Еще один довод к тому, что содержание классического растет от эпохи к эпохе.
* * *
Ну, а что там, у лукоморья? Каждый, кто хотя бы Пушкина читал, знает: там Русью пахнет . Взять Тирасполь, Екатеринослав, Екатеринодар — чем не русская гордость, хотя бы кто и считал “потемкинcкими деревнями”? Эти, как говорили, “фантомы”, они и до сих пор держатся российско-советской крепостью своей каменной и стальной закладки. А убери их — останется ничем не защищенная землянка и при ней какой-нибудь совершенно забытый богами пасынок природы. Или он может жить по-человечески без твердой защиты? Дядька Черномор с его витязями-подводниками этой защиты прекращать не хотел.
Добавим еще (это под конец разговора пригодится): кто и в самой России не бывал (а в нынешнее, по краям ее, сирое захолустье славной Европы уж тем более не поедет), кто русским быть и не собирался — он все же “Руслана и Людмилу”-то мог же, как музыку, слушать? Нeмало и таких. Так что ощущение “там Русью пахнет” — феномен международный. Тем самым есть пища и для многонациональной по своему кадровому составу науки.
“Русью пахнет”: к вопросу об обонятельных компонентах пушкинской семантической парадигмы... Это как пример, конечно, наобум из головы; но такие подходы уже кое-где намечены. Способные поднимать именно подобную тематику исследовательские силы и школы существуют.
Мы не шовинисты. Поэтому и русский человек может, на наш взгляд, заниматься тем, что в Пушкине русского.
* * *
Пушкин — живописатель России (“октябрь уж наступил”); Пушкин — создатель символических образов России (“куда ты скачешь, гордый конь?”); Пушкин — и житейски достовернейше русский человек; то есть его русскость как-то многократна. Или она “многоаспектна”? Возможно. Однако представительство Пушкина за Россию не столько многоаспектностью своей “парадигматики” примечательно, сколько отличается высоким градусом подлинности.
Сегодня ясно (яснее, чем когда-либо): Пушкин как человек-задача — это не отпрыск “мелкопоместного” (“родовитого”, “старинного”, “обедневшего”, “столичного”) дворянства, не дитя “знойной Африки” в мрачно-ледовитом гражданстве северной державы, а подлинно законнорожденный сын общерусского полка, от митрополита Илариона до Арины Родионовны. Его, как чадо без возраста, Россия и лелеет — допуская одновременно, что Пушкин и отрочески моложе, и много-много старше нас, и нуждается в постоянном оберегании-защите.

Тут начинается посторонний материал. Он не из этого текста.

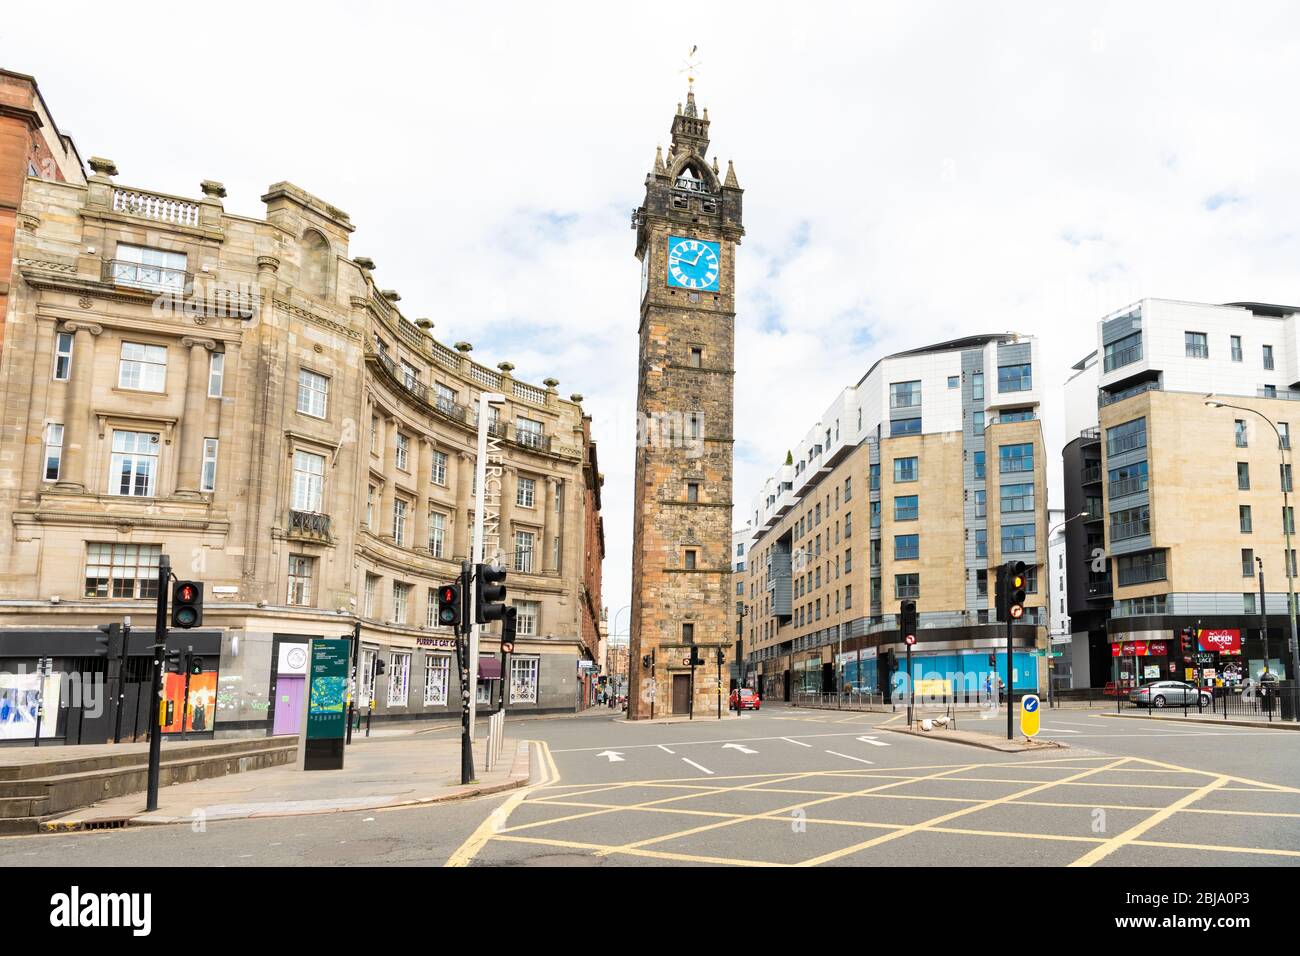 Glasgow Cross dans la ville marchande - rues vides pendant le verrouillage du coronavirus (photo prise à 11:46 en semaine), Glasgow, Ecosse, Royaume-Uni Banque D'Images

Что-то русское в нем и Илариона древнее: что-то самое памятное, иной раз подумаешь. Волхвы не боятся могучих владык, и княжеский дар им не нужен. Правдив и свободен их вещий язык и с волей небесною дружен; и — вижу твой жребий на светлом челе... О, не “язычество” с его какой-нибудь Золотой Бабой, и не с Перуном даже, здесь важно. А просто кажется: с таким “источником” нужен ли был для русского “Памятника”, с его высокой непокорной речью, еще и римский сладкопевец Гораций? Хотя пригодился и он, а ведь тоже язычник.
* * *
О достовернейшей русскости Пушкина говорил еще Гоголь (самая жизнь его совершенно русская) ; но сегодня вполне ясно и то, что совершенно русская и сама его смерть. Этого Пушкин не мог сказать о себе сам, это трудно было уловить сознанию современников, свидетелей его кончины: но то была вполне по-ратному совершившаяся гибель за Россию. Пушкин — это русское самопожертвование. Не есть ли классичнейшее, после записей на палестинских скрижалях, самопожертвование и сама Россия? Не самая ли она, поэтому, европейская из всех европейских стран?
Со временем возрастает ясность и этого, тогда как ратная задача общерусского полка, о котором мы говорили, остается, можно считать, в общем все тою же: единение как раз перед нашествием монголов , призыв к чему и осуществляет до сих пор Пушкин.
Его “не разойтиться ль полюбовно?” — коренной вопрос в “Онегине”; но не меньше важна Пушкину и наша готовность по-братски сойтись. Раздумье о розни, расколе, распре (в пользу понимания, единения, братства и мира, смирения и замирения перед общей правдой) унаследовано Пушкиным от Гомера, унаследовано от Пушкина Толстым (“сопрягать”), оно сохранено как сердцевина в “Тихом Доне” Шолохова. Это не менее очевидно, нежели то, что собирание-подымание “русской земли” в “Клеветникам России” предшествует позднейшему “Вставай, страна огромная”. То есть наследование Пушкину оттесняет совершенно в сторону прения насчет какого-то еще — говорят нам — “подлинного авторства” этой песни 1941 года.